Once you have installed the Heroku CLI
heroku login
heroku create your-app-name
git push heroku master
heroku open
To deploy using Zeit Vercel:
npm run build # Not sure why, but this needs to be run before deploying.
vercel
We publish images to DockerHub at https://registry.hub.docker.com/r/shieldsio/shields
The next
tag is the latest build from master
, or tagged releases are available
https://registry.hub.docker.com/r/shieldsio/shields/tags
$ docker pull shieldsio/shields:next
$ docker run shieldsio/shields:next
Alternatively, you can build and run the server locally using Docker. First build an image:
$ docker build -t shields .
Sending build context to Docker daemon 3.923 MB
…
Successfully built 4471b442c220
Optionally, create a file called shields.env
that contains the needed
configuration.

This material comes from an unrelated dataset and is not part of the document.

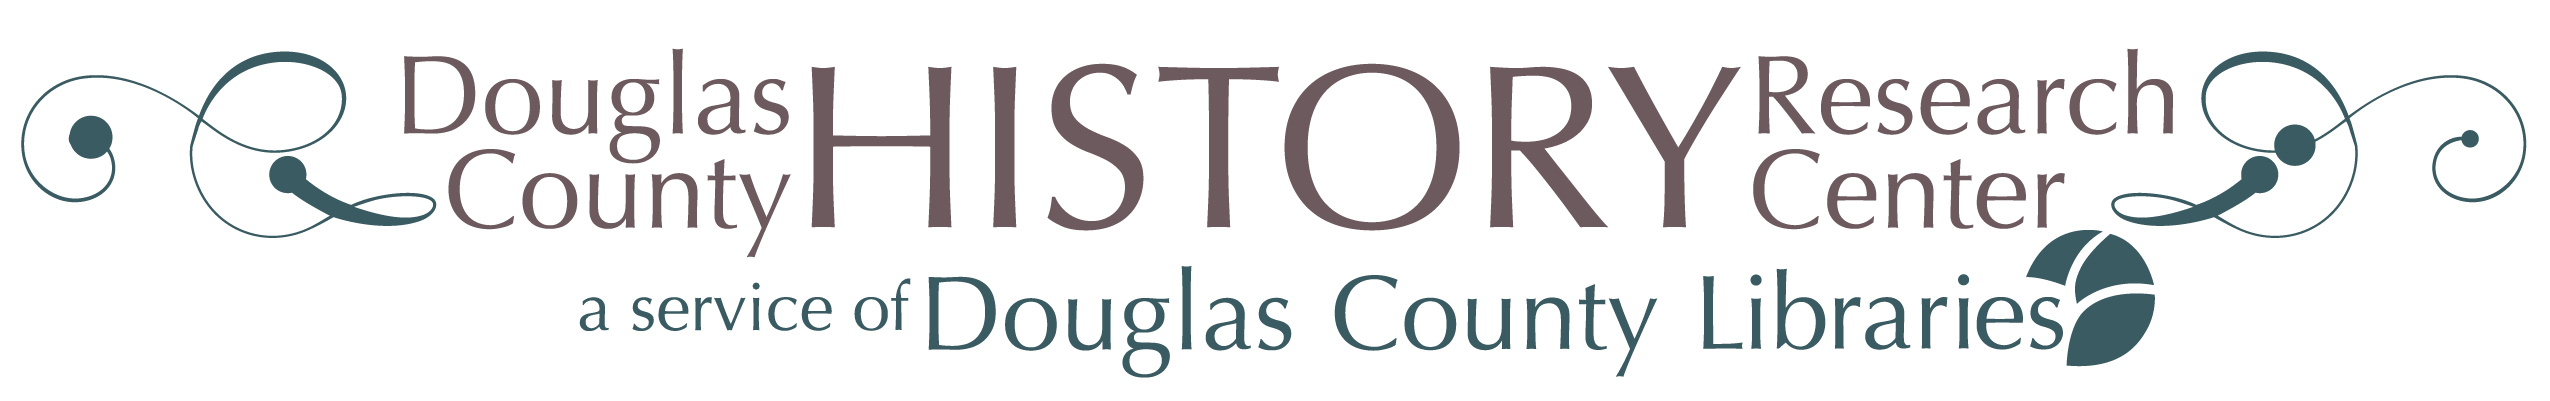 Logo du Douglas County History Research Center
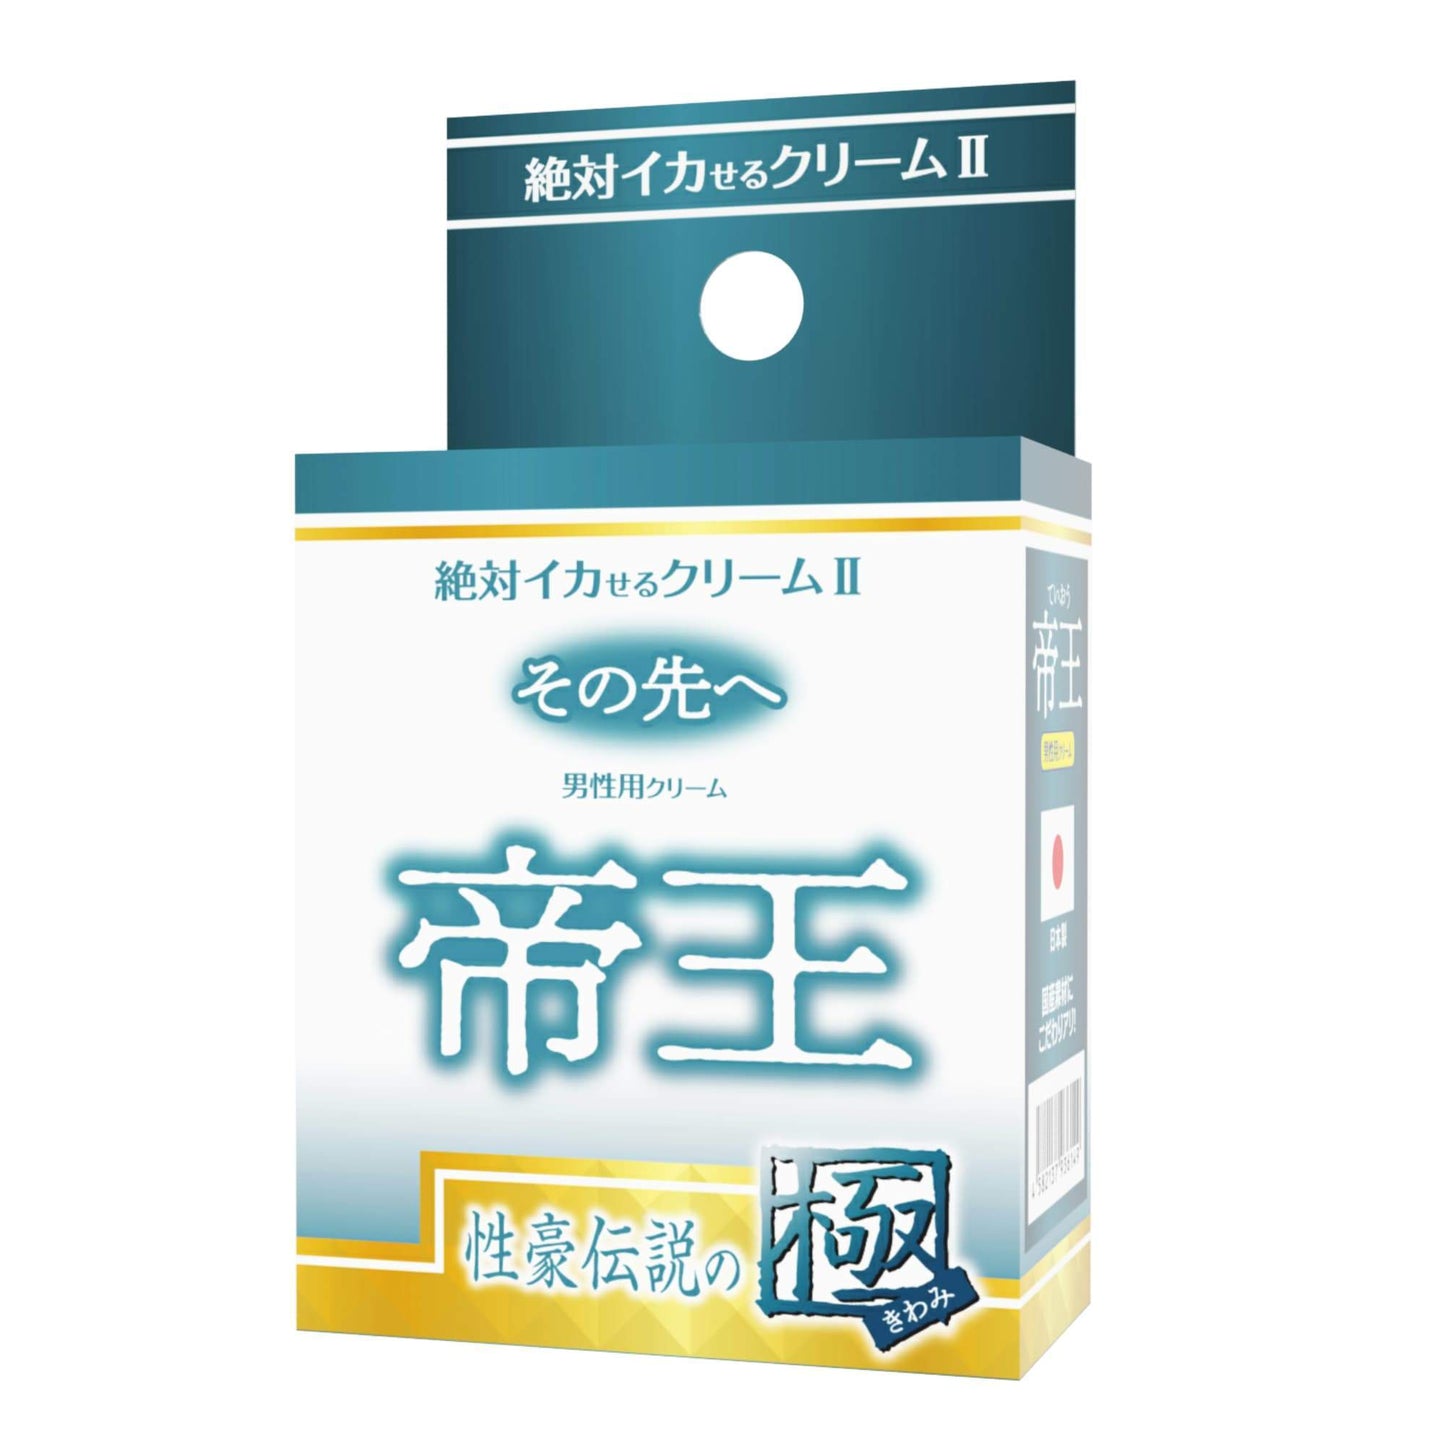 SSI JAPAN 【男性用】絕對持久軟膏 第 2 代 帝王 性豪傳説の極 延時軟膏及噴霧 購買

See server-secrets.md and config/custom-environment-variables.yml for examples.
Then run the container:
$ docker run --rm -p 8080:80 --name shields shields
# or if you have shields.env file, run the following instead
$ docker run --rm -p 8080:80 --env-file shields.env --name shields shields
> [email protected] start /usr/src/app
> node server.js
http://[::1]/
Assuming Docker is running locally, you should be able to get to the application at http://localhost:8080/.
If you run Docker in a virtual machine (such as boot2docker or Docker Machine)
then you will need to replace localhost
with the IP address of that virtual
machine.
If you want to host PNG badges, you can also self-host a raster server
which points to your badge server. It's designed as a web function which is
tested on Zeit Now, though you may be able to run it on AWS Lambda. It's
built on the micro framework, and comes with a start
script that allows
it to run as a standalone Node service.
- In your raster instance, set
BASE_URL
to your Shields instance, e.g.https://shields.example.co
. - Optionally, in your Shields, instance, configure
RASTER_URL
to the base URL, e.g.https://raster.example.co
. This will send 301 redirects for the legacy raster URLs instead of 404's.
If anyone has set this up, more documentation on how to do this would be welcome! It would also be nice to ship a Docker image that includes a preconfigured raster server.
To enable Redis-backed GitHub token persistence, point REDIS_URL
to your
Redis installation.
You can add your own server secrets in environment variables or config/local.yml
.
These are documented in server-secrets.md
If you want to host the frontend on a separate server, such as cloud storage or a CDN, you can do that.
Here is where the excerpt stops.